Question :
I would like to specify which row to return first based on whether the uid value is equal to a value I specify, when using count with group by.
I have 5 tables. Two tables are ‘intersection entity’ tables that hold foreign keys to the 3rd and 4th tables poster and albums, as well as the foreign key to the fifth table, link which holds the user_id.
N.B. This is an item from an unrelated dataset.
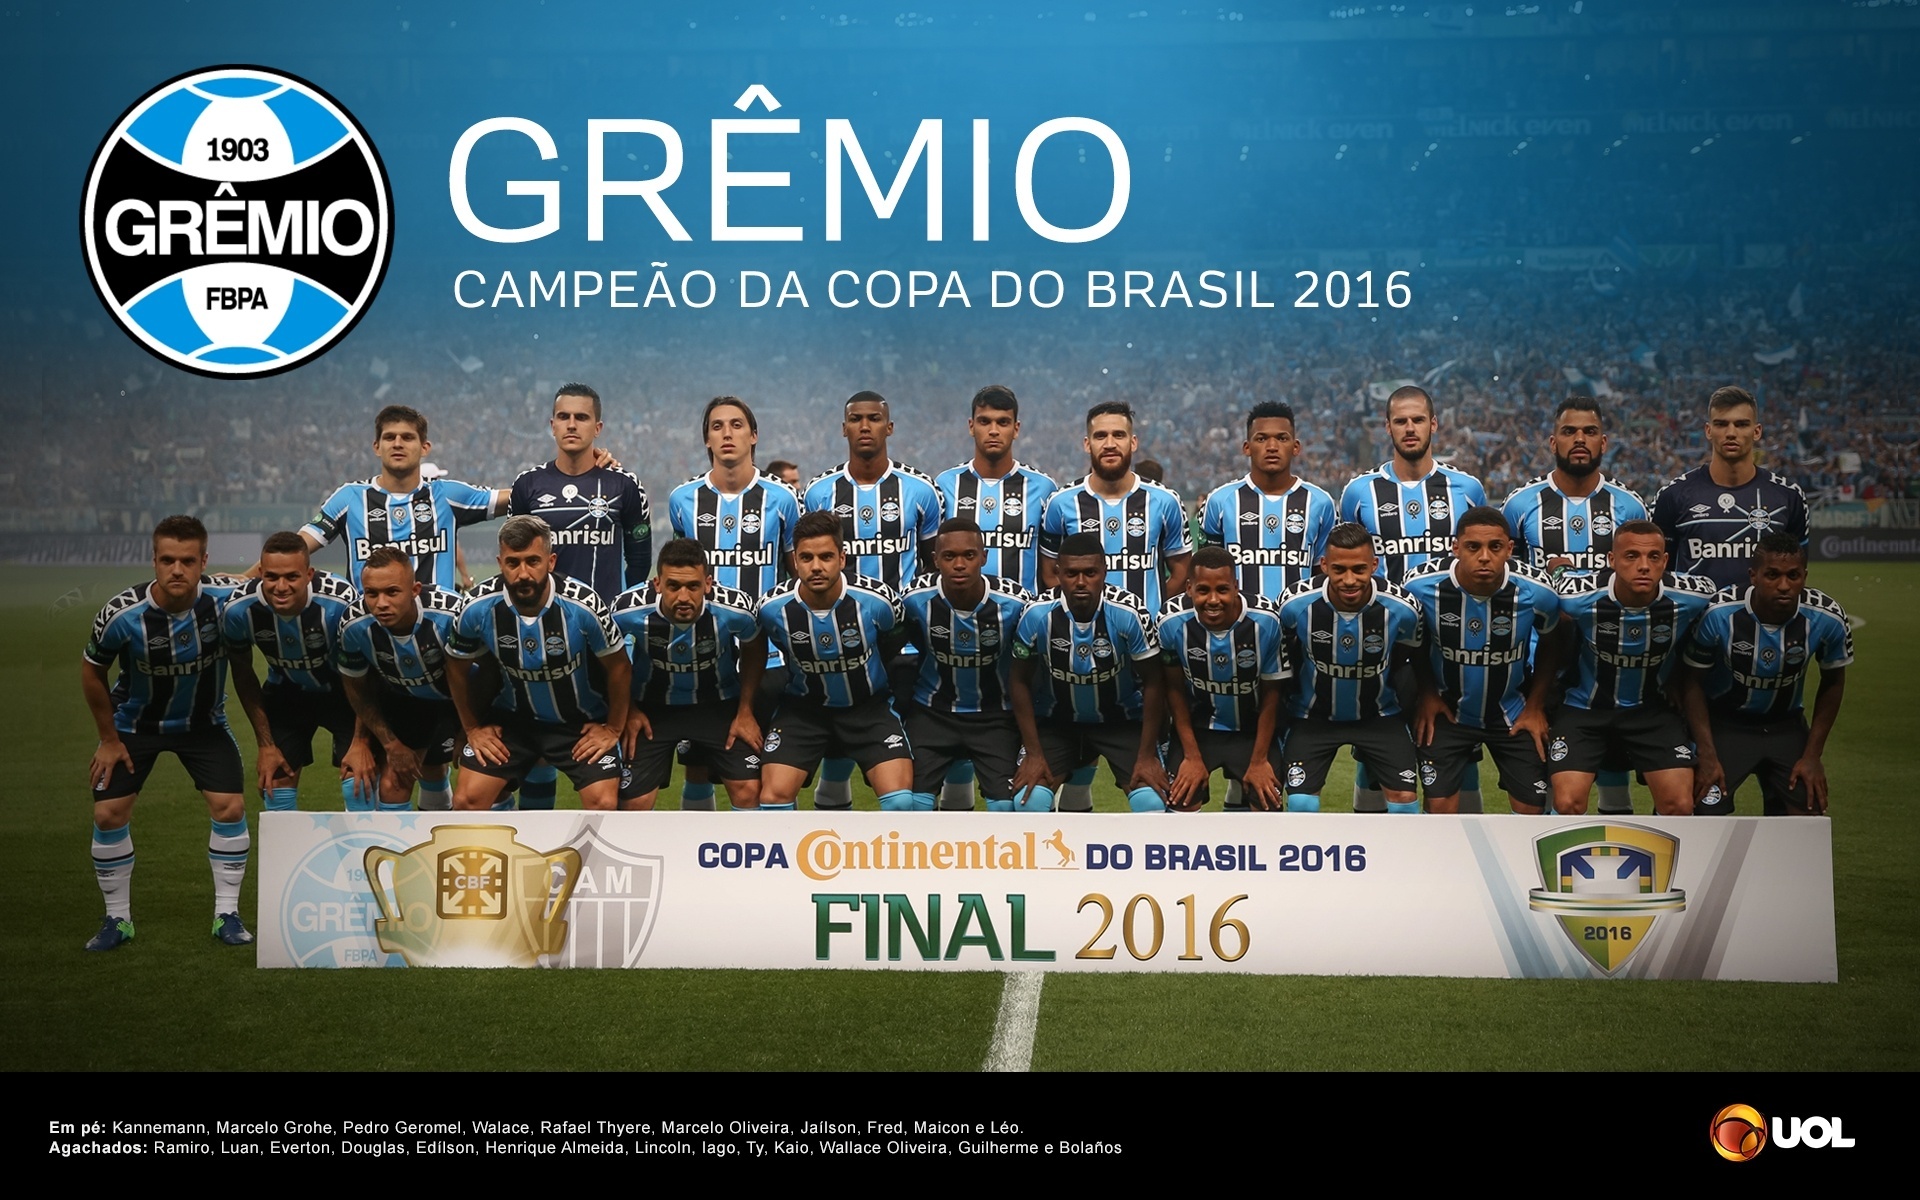 Resultado de imagem para grêmio campeão da copa do brasil 2016

if a user has created a link, I need that user_id to be the value in the user_id column, otherwise it doesn’t matter which row is used. I have tried many different approaches and the only one that comes close is using group by imageId, uid = 9, but this breaks the count and I get duplicate rows with a count of 1, instead of the actual count. I apologize if I am missing something obvious as I haven’t used mysql significantly in quite awhile.
SELECT * FROM (
SELECT poster.*, l.user_id as uid, count(*) as c
FROM `poster_links` pl
INNER JOIN poster ON poster.posterID = pl.poster_id
inner join link l on pl.link_id = l.link_id
WHERE pl.poster_id != 167 and l.link_id in(
SELECT pl.link_id from poster_links as pl where poster_id = 167)
group by imageId, uid = 9
UNION ALL
SELECT albums.*, l.user_id as uid, count(*) as c
FROM `album_links` al
INNER JOIN albums ON albums.album_id = al.album_id
inner join link l on al.link_id = l.link_id
WHERE al.album_id != 'null' and l.link_id in(
SELECT pl.link_id from poster_links pl where poster_id = 167)
group by imageId, uid = 9
) T
Using group by imageId, uid = 9(current user) is the only way I have found to force the uid to be equal to the current user if that user is one of the multiple users who have created the link. I am trying to avoid an additional query to get the current users ‘links’, then comparing both query results on the back end.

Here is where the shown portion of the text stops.